■ **Goal of the exercise**
Copy out all the lines of the data precisely, omitting any pictures.

■ **Material provided**
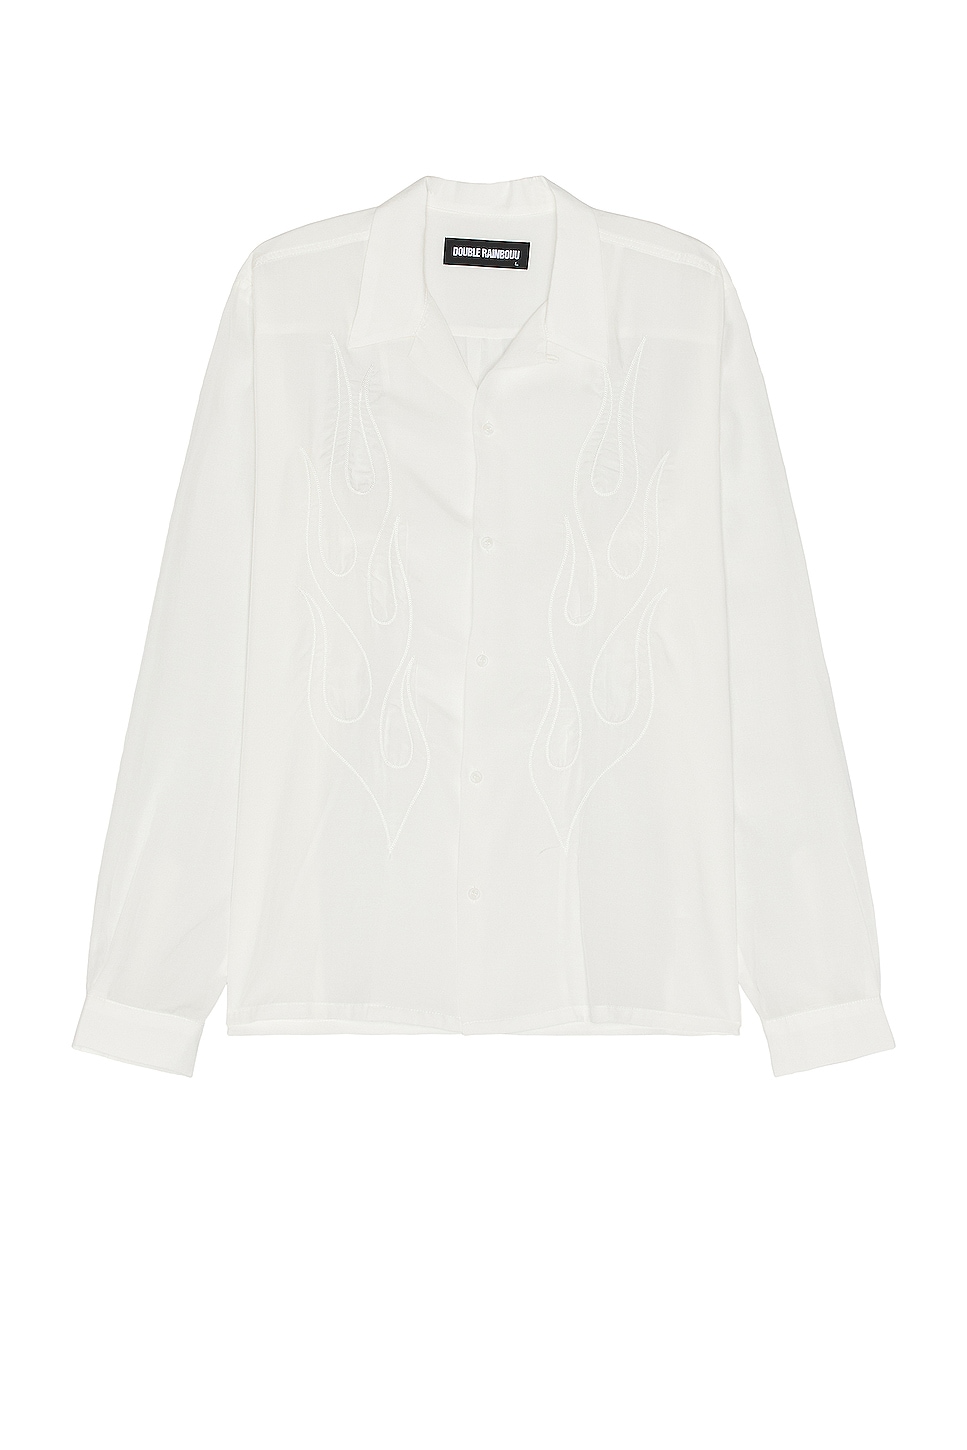 Image 1 of DOUBLE RAINBOUU Long Sleeve Shirt in Blazed White
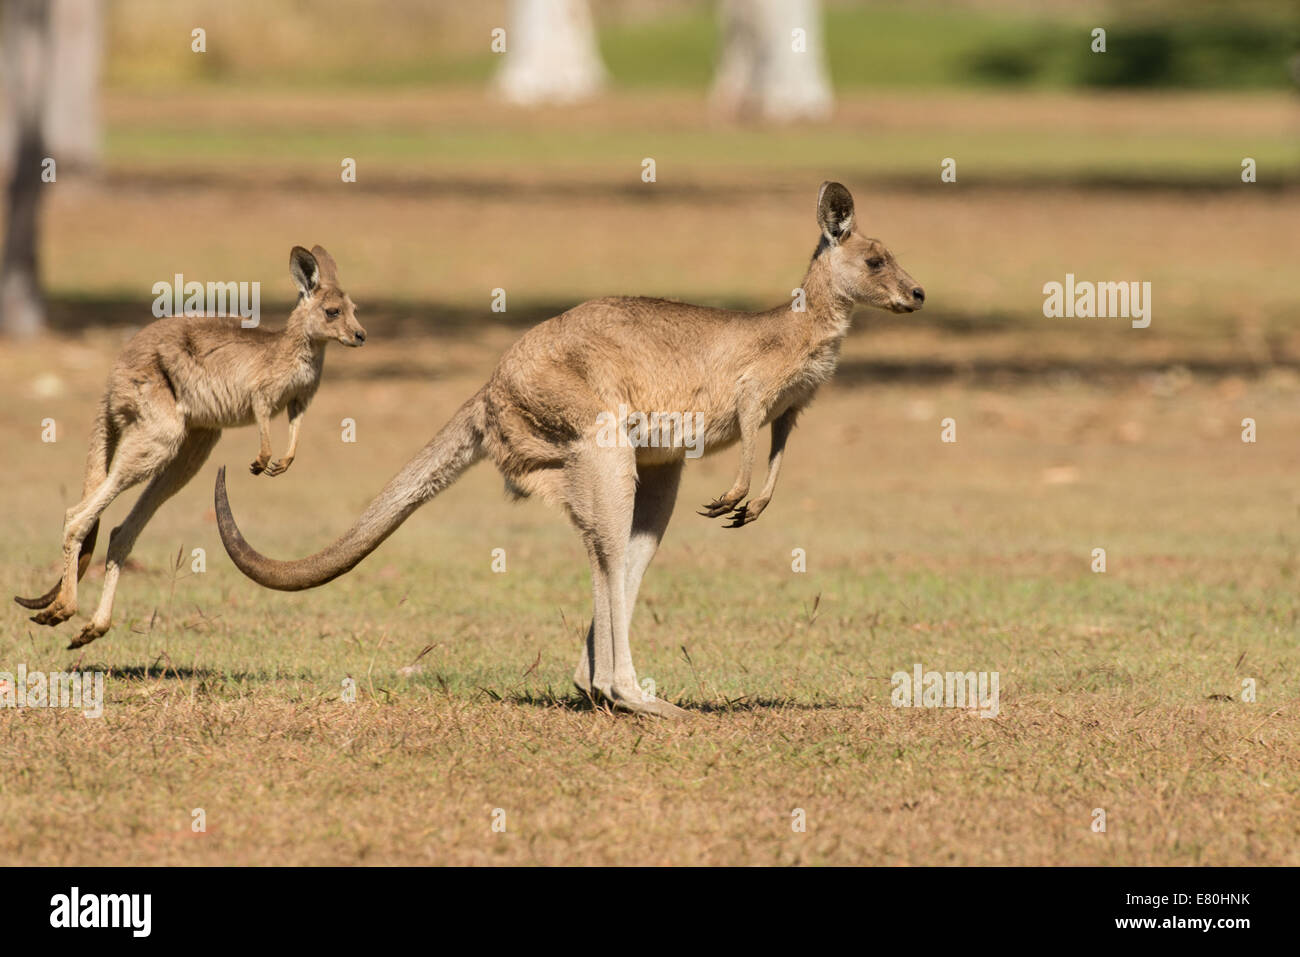 Stock photo of an eastern grey kangaroo hopping, Queensland, Australia. Stock Photo
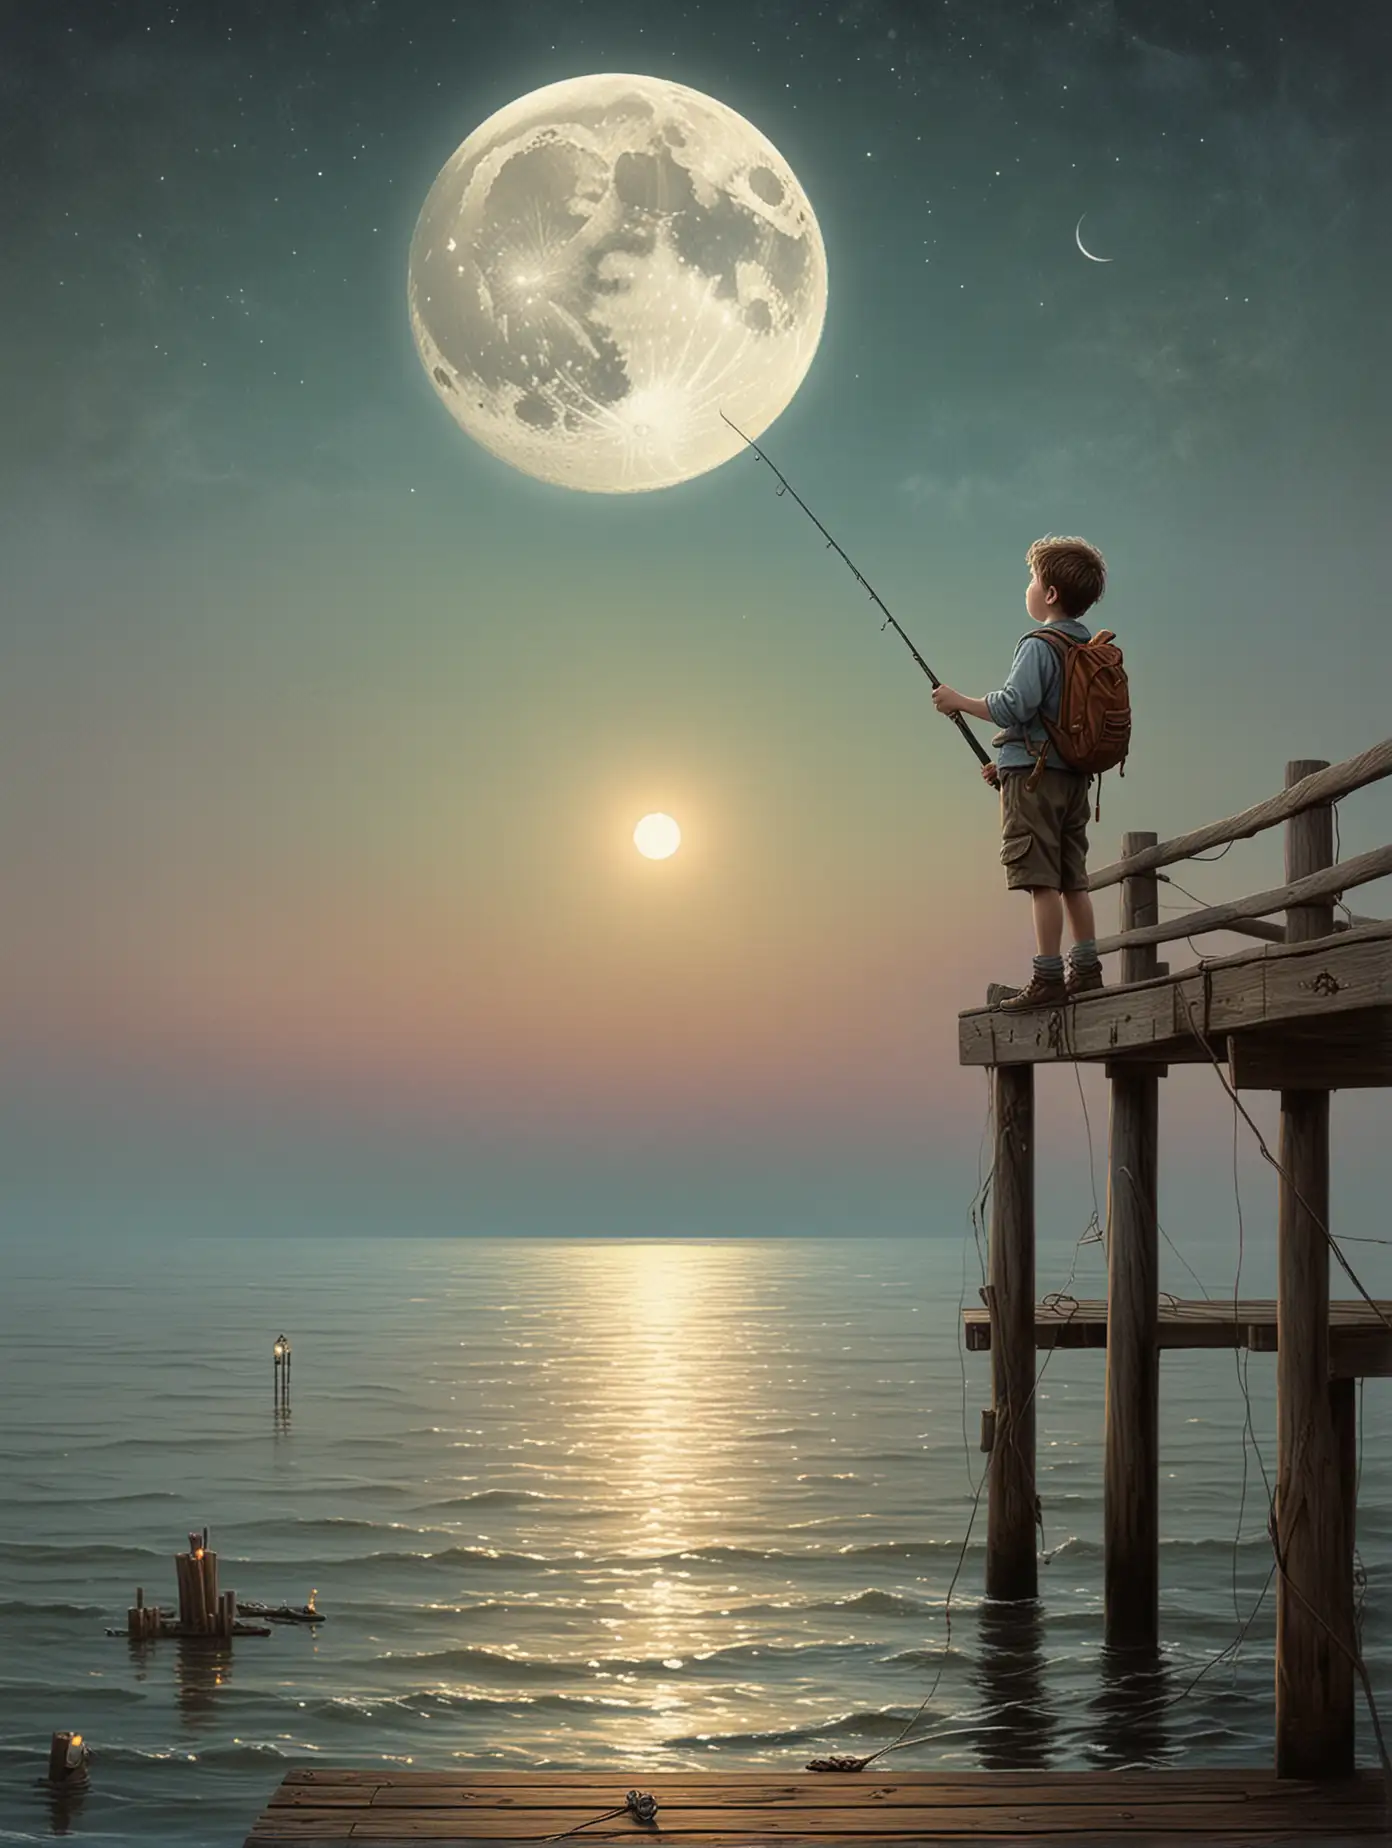 Boy Fishing on Pier Gazing at Moon in Pastel Tones
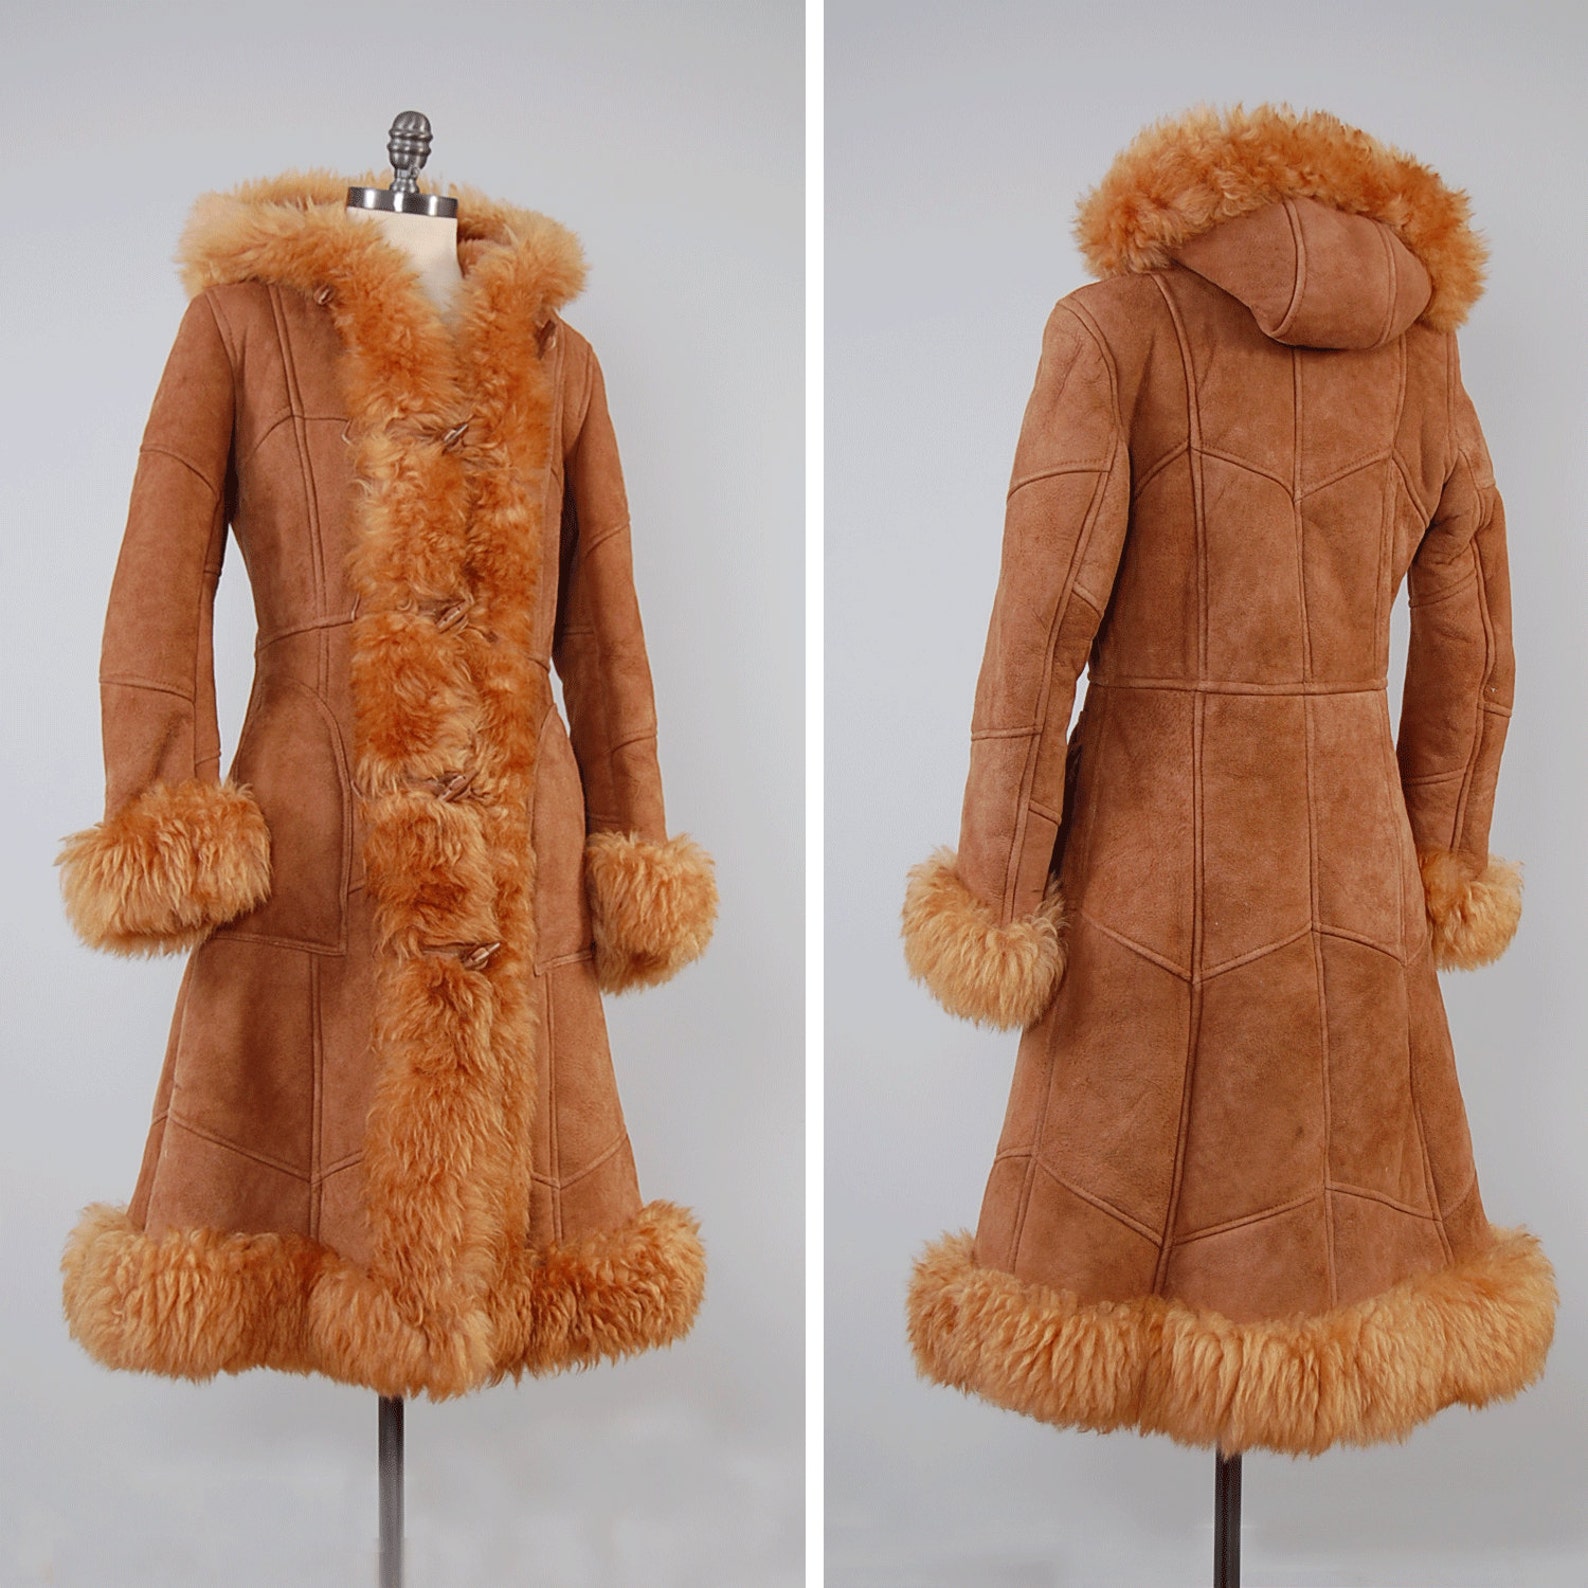 Vintage 60s 70s sheepskin SHEARLING fur coat with HOOD / | Etsy

■ **Task answer**
 Image 1 of DOUBLE RAINBOUU Long Sleeve Shirt in Blazed White
 Stock photo of an eastern grey kangaroo hopping, Queensland, Australia. Stock Photo
 Boy Fishing on Pier Gazing at Moon in Pastel Tones
 Vintage 60s 70s sheepskin SHEARLING fur coat with HOOD / | Etsy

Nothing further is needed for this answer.